Canada Pension Plan (CPP) receipts may be split between spouses aged 65 or over (application to CRA is required). Also, it may be advantageous to apply to receive CPP early (age 60-65) or late (age 65-70).
Teacher and early childhood educators – A federal refundable tax credit of 15% on purchases of up to $1,000 of eligible school supplies by a teacher or early childhood educator used in the performance of their employment duties may be available. Receipts for school supplies as well as certification from employer will be required.
Home accessibility tax credit – A federal non-refundable tax credit of 15% on up to $10,000 of eligible expenditures (renovations to a qualified dwelling to enhance mobility or reduce the risk of harm) may be available each calendar year, if a person 65 years or older, or a person eligible for the disability tax credit, resides in the home.
Did you incur costs to access medical intervention required in order to conceive a child which was not previously allowed as a medical expense? Certain expenses for the previous 10 years may now be eligible (amounts incurred in 2008 must be claimed by the end of 2018).
A number of employment insurance (EI) changes have been enacted. These include:
- A new caregiving benefit for up to 15 weeks for those who are temporarily away from work to support or care for a critically ill or injured family member.
- The option to extend parental benefits up to 18 months (from the current 12 months) at a lower rate.
- The ability to claim EI benefits up to 12 weeks before a mother’s due date (from the current 8 weeks).
- A new parental sharing benefit which will increase the total EI parental leave available to both parents by up to five weeks, to 40 weeks. This will require each parent agree to take a minimum of 5 weeks of the combined 40 weeks available. This assumes the standard parental option (55% of earnings for 12 months). Families opting for extended parental leave at 33% of earnings for up to 61 weeks can access up to 8 additional weeks, provided each take at least 8 weeks. The benefit will commence in March of 2019.
- The prior EI Working While on Claim pilot project is now permanent. This allows claimants to keep $0.50 of their EI benefits for every dollar they earn, up to a maximum of 90% of the weekly insurable earnings. This is available for those receiving most types of EI benefits, including maternity and sickness (both effective August 12, 2018).
If EI premiums were paid in error in respect of certain non-arm’s length employees, a refund may be available upon application to CRA.
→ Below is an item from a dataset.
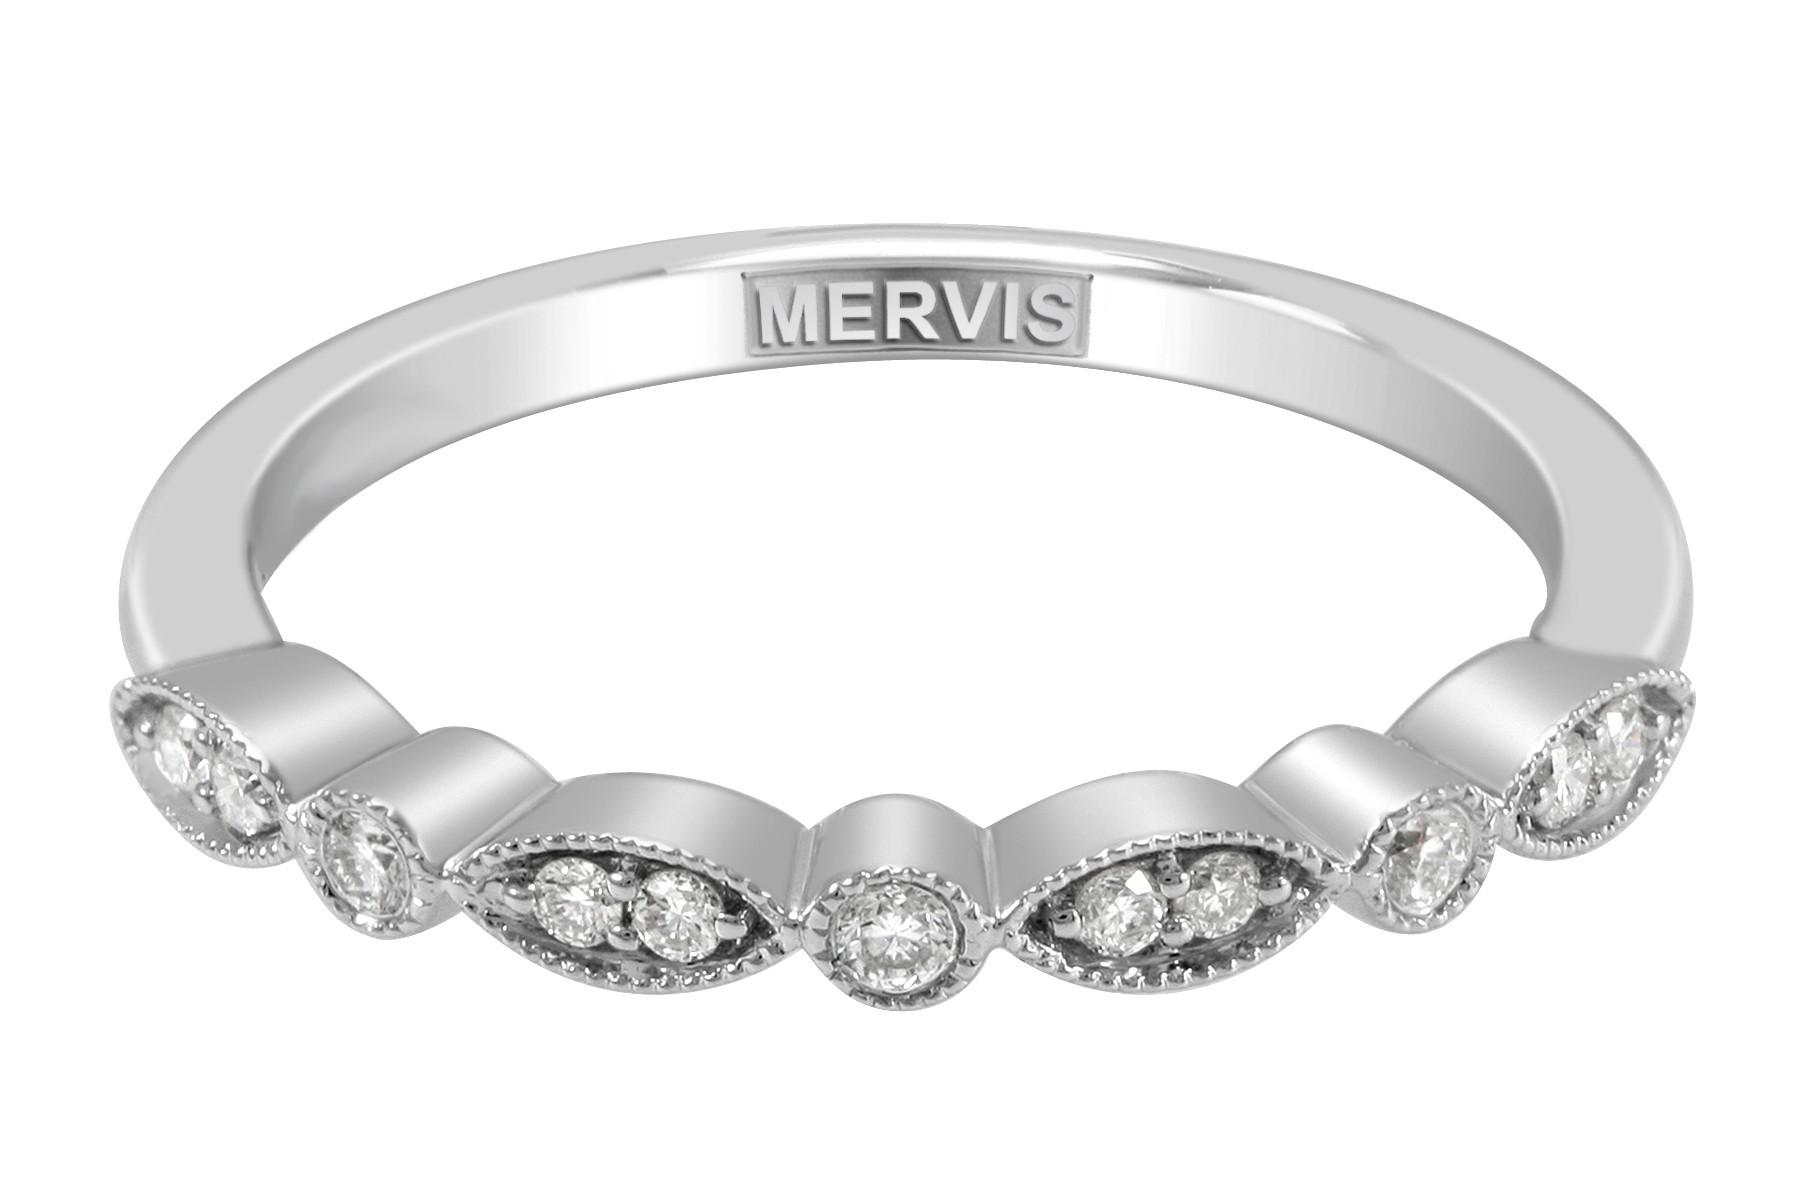 mervis bridal micropave 14k white gold wedding band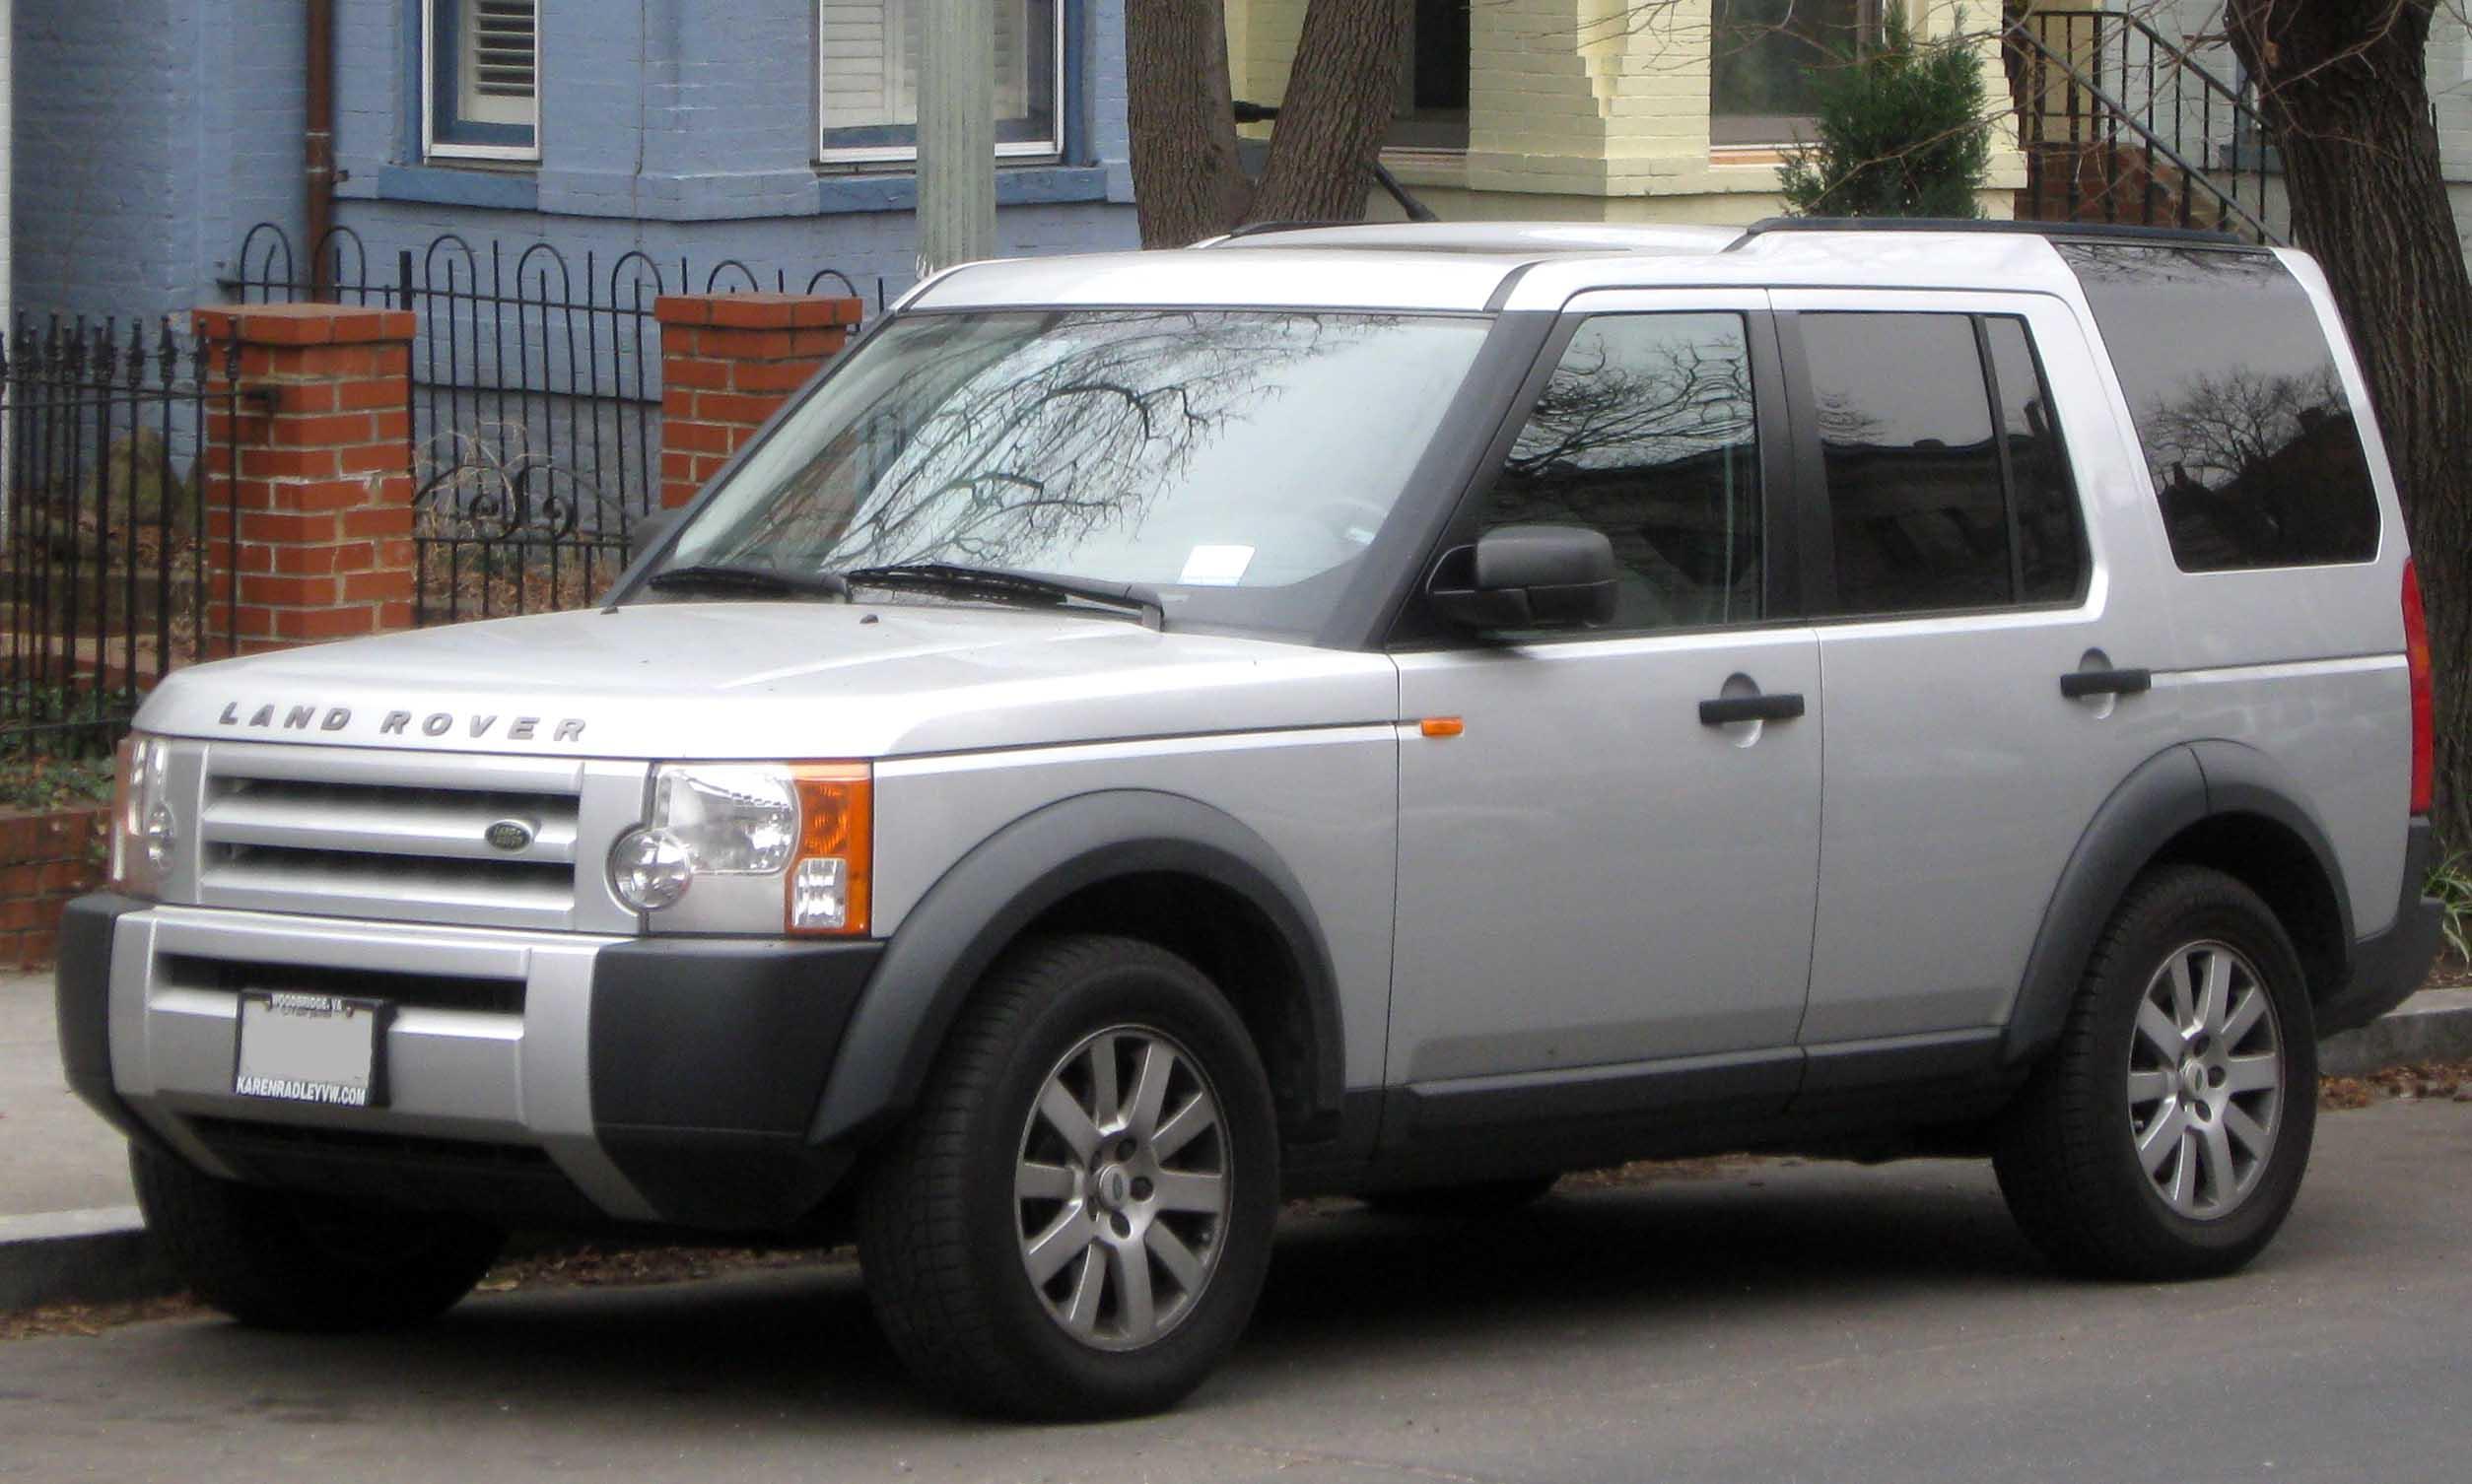 land rover lr3 images start 0 WeiLi Automotive Network

Effective July 1, 2017, self-employed commercial ride-sharing drivers (such as Uber drivers), have been required to register for (regardless of their total annual revenues), collect, report and remit GST/HST.
Employers of eligible apprentices are entitled to an investment tax credit. Also, a $1,000 Incentive Grant per year is available for the first and second year as apprentices. A $2,000 Apprenticeship Completion Grant may also be available.
If income, forms, or elections have been missed in the past, a Voluntary Disclosure to CRA may be available to avoid penalties.
Are you a U.S. Resident, Citizen or Green Card Holder? Consider U.S. filing obligations with regards to income and financial asset holdings. Filing obligations may also apply if you were born in the U.S.
Information exchange agreements have increased the flow of information between CRA and the IRS. Collection agreements enable CRA to collect amounts on behalf of the IRS.